9.12.2011

Waiting on the World To Change: Remembering 9/11

Yesterday was a very emotional day for me. I couldn't help but tear up as I watched the dedication of the 9/11 memorials. It was as though the world was standing still again.

As I sat on my parent's couch and person after person thanked the "troops" still fighting the war on terror, I realized that they were thanking my husband.

Before I ever met Kyle, he made the decision to sign up for the NAVY Reserves. A few short years after he returned home from boot camp, he was called to serve a tour in Fallujah, and then Ramadi.

Two days after he returned home, he came to Arkansas to work. That is when we met.

When we first were married, it did not occur to me that he was still in the NAVY. It wasn't until he had started reporting again for the monthly weekend drill, that the fact that he could be called at any time to again serve our country hit me like a ton of bricks.

And I have to be honest. I resented him being in the NAVY. What would happen to me if he was called to do another tour? And then he would occasionally mention wanting to serve 20 or more years in the reserves. That really upset me. I was hurt that he would be willing to put our family in jeopardy, or at least that is the way I saw it.

But this weekend, it all made sense to me.

I was going to post a long story of where I was when the towers were hit, what I felt, and how scared I was, in a "tribute" to the events of 9/11. Then I thought, "How sad is it to focus on the negative?" While I agree it is good to remember those events, and trust me, I do remember, how much better is it to focus on hope? Hope for a future? Hope for a future of a world that is full of a united citizenship, a common thread of brotherhood, full of people that recognize their potential.

I am sharing with you today a video that Kyle shared with his family during Christmastime 2008. While he was a world away, this was the message he sent to them. This video explains his desire to serve our country. He believes in the freedoms that we have as Americans, and innate rights of all individuals, and desires for other nations to have these same freedoms as well.

The songs that he chose to accompany the video render me speechless. They are not the popular songs full of hate and American pride that were so popular right after 9/11. They speak of action, change, responsibility, kindness, peace, reaching out, comforting, and encouraging others.

So many people have a deep hatred for the people of Iraq, Afghanistan, and other middle eastern countries. What Kyle sees that so many others do not is that not ALL of the people in those countries are hateful. Many of them are just like us.

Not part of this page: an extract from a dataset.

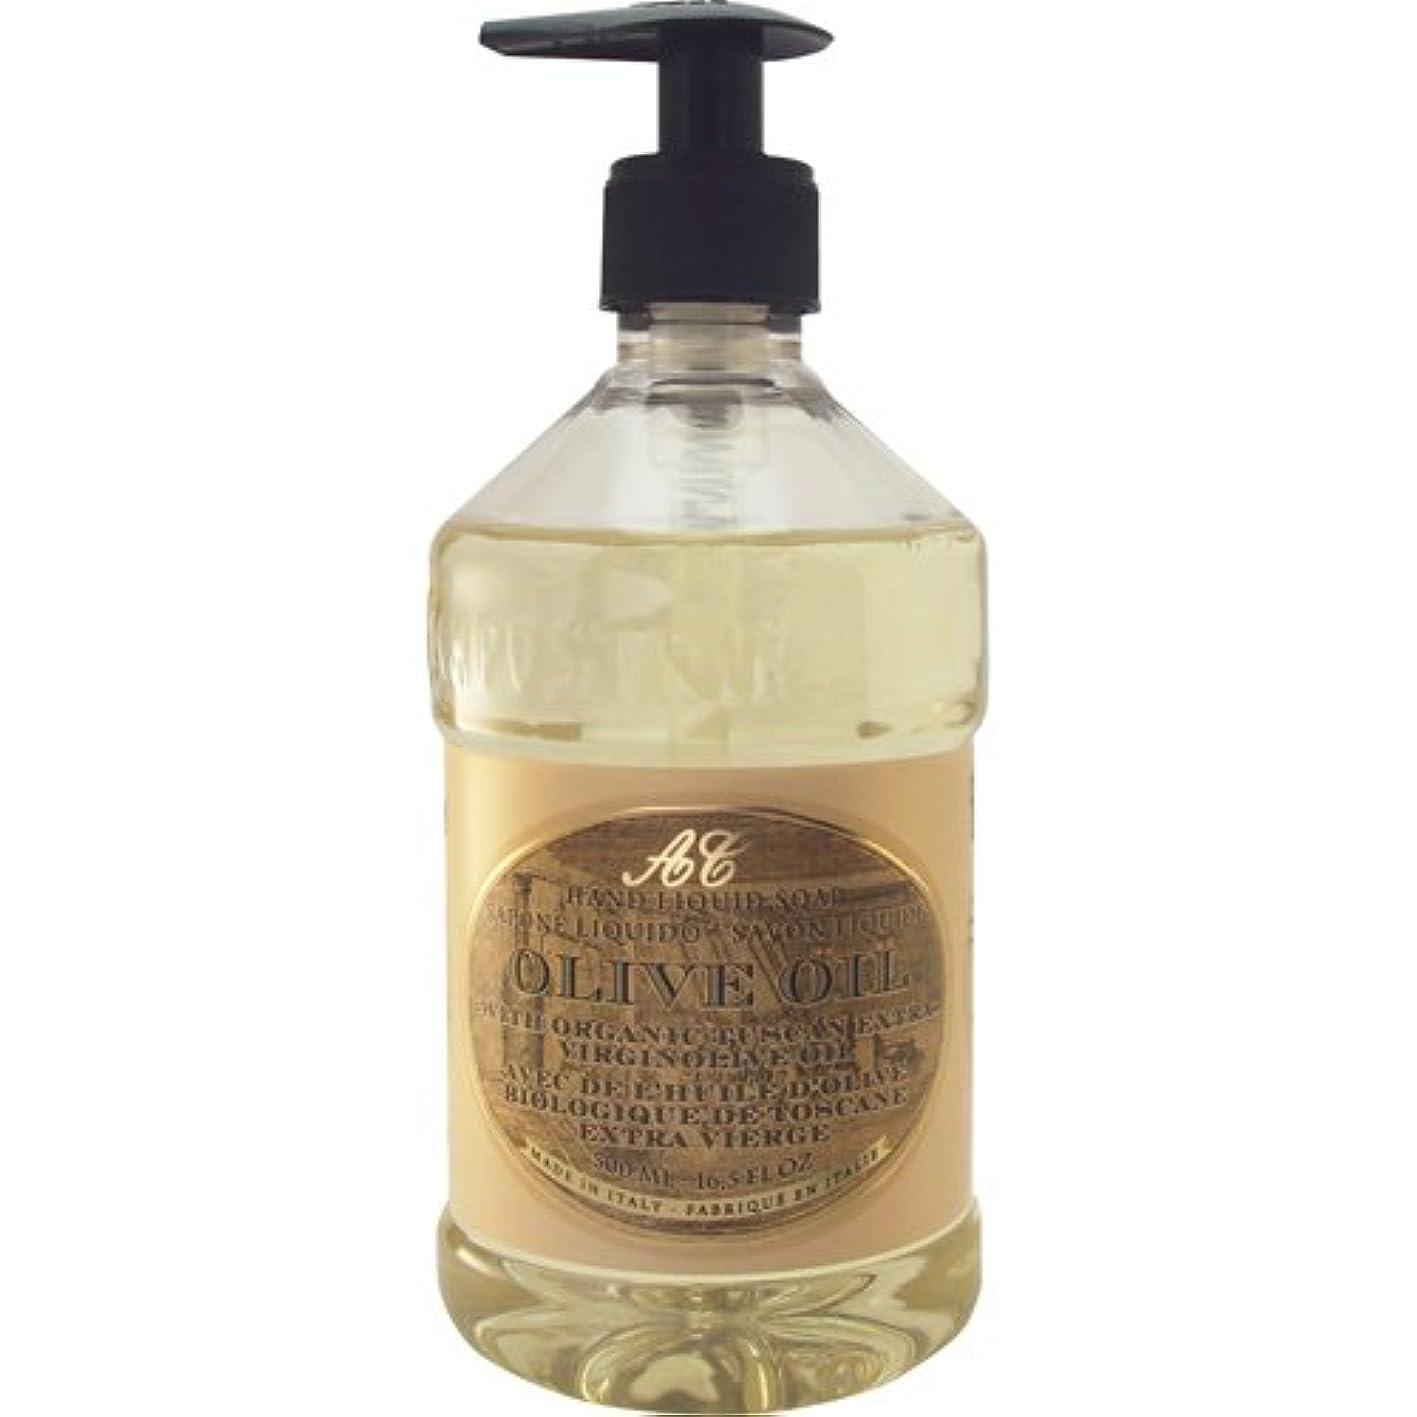 辛い戸惑う社員Saponerire Fissi レトロシリーズ Liquid Soap リキッドソープ 500ml Olive Oil オリーブオイル

It all made sense as I was watching the memorials while sitting on my parent's couch. Kyle was their hero. He had come to their back door, he was an American. He represented everything that they had ever dreamed of having. He gave them a glimpse of what freedom was like. He showed them compassion. He showed them that he cared about them, that he viewed them  as people and not as the filth of the world.

Here is Kyle's short video from his time in Iraq. It is my wish that it would show you hope in this time of great remembrance.

May we never forget the events of that day, and the brave souls who changed our lives then, and continue to change them today.